INSTRUCTIONS TO FOLLOW — Beneath this line sits some data. Return only its lines from the one holding "Trendy handmade leather" through the one holding "Wizz Air  -  A320  (HA-LWS) By", inclusive, exactly, with the images removed.

RECORDS SHOWN —
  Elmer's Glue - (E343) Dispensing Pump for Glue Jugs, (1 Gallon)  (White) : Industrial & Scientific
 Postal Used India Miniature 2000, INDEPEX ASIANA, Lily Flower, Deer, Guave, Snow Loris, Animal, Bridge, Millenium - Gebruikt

==

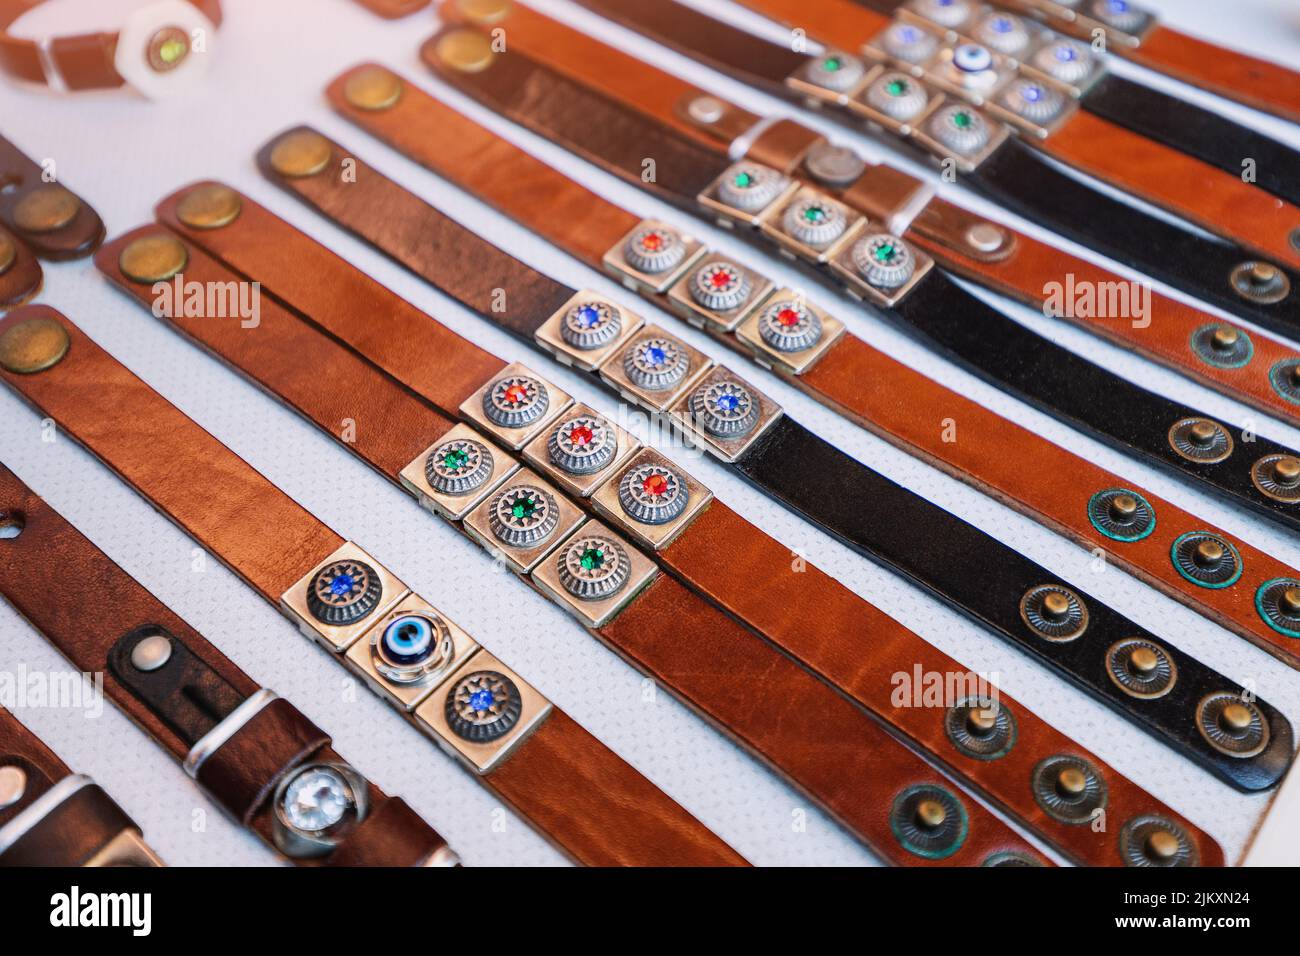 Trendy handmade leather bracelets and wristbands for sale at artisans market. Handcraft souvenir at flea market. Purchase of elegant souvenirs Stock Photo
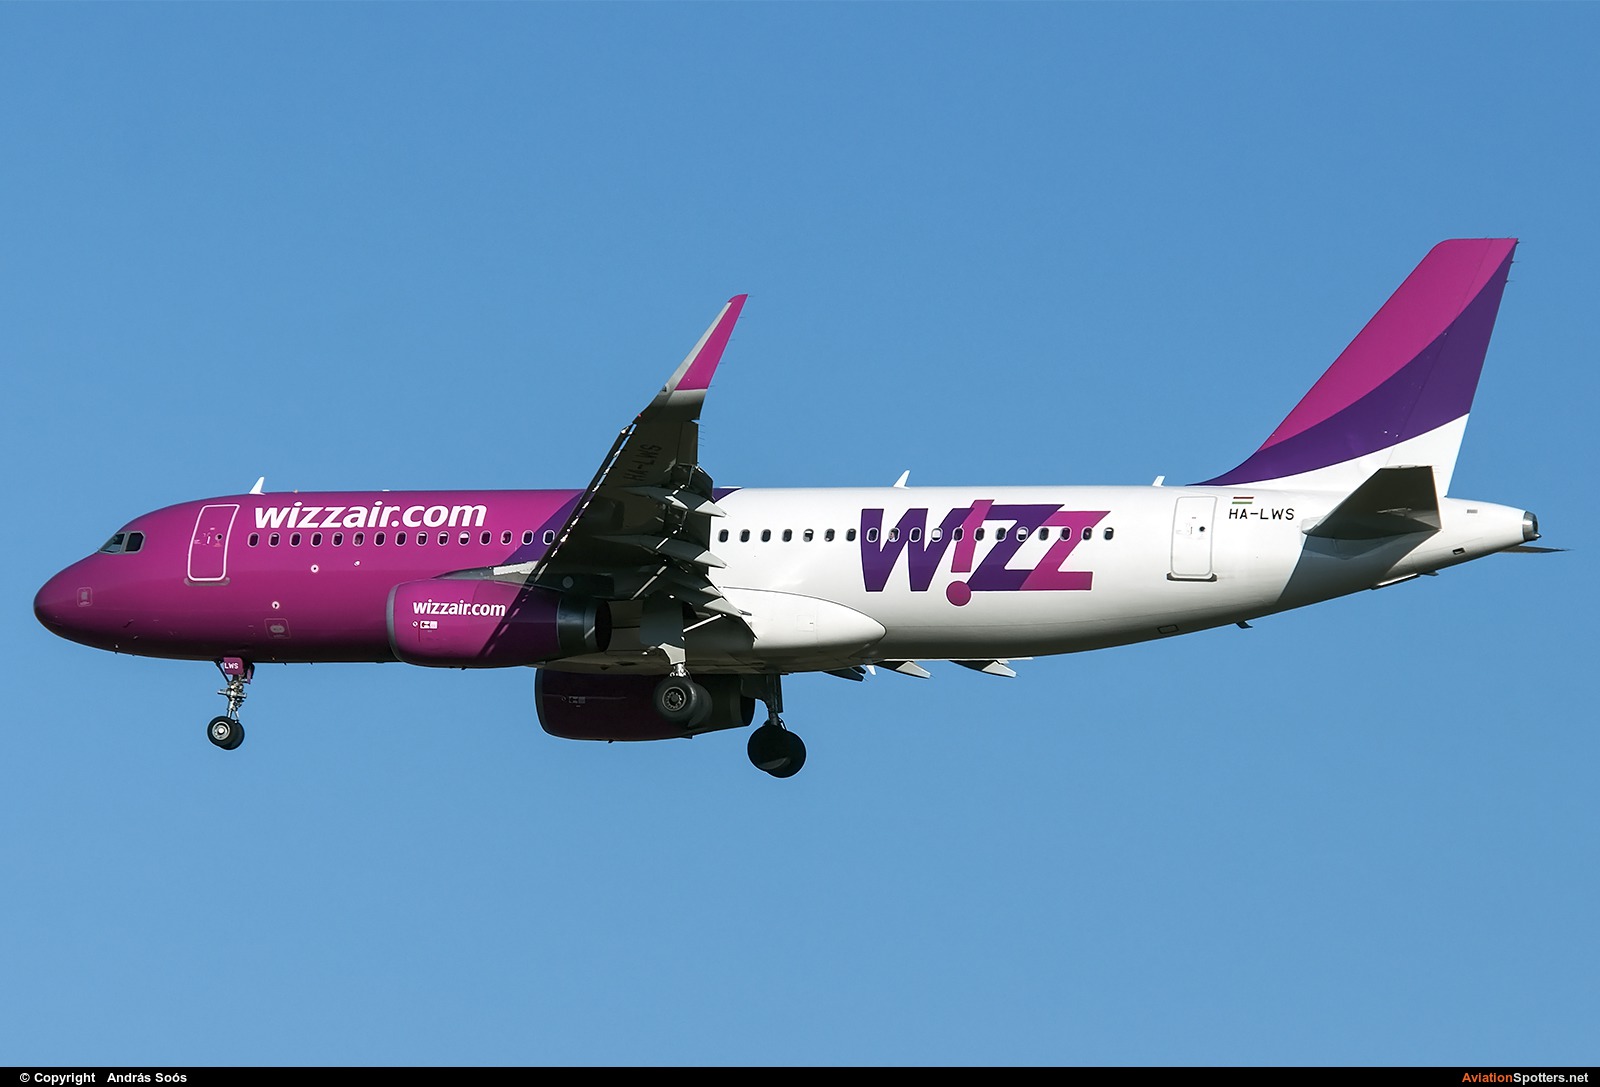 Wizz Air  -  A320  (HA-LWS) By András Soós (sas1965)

EXPECTED ANSWER —
 Trendy handmade leather bracelets and wristbands for sale at artisans market. Handcraft souvenir at flea market. Purchase of elegant souvenirs Stock Photo
 Wizz Air  -  A320  (HA-LWS) By András Soós (sas1965)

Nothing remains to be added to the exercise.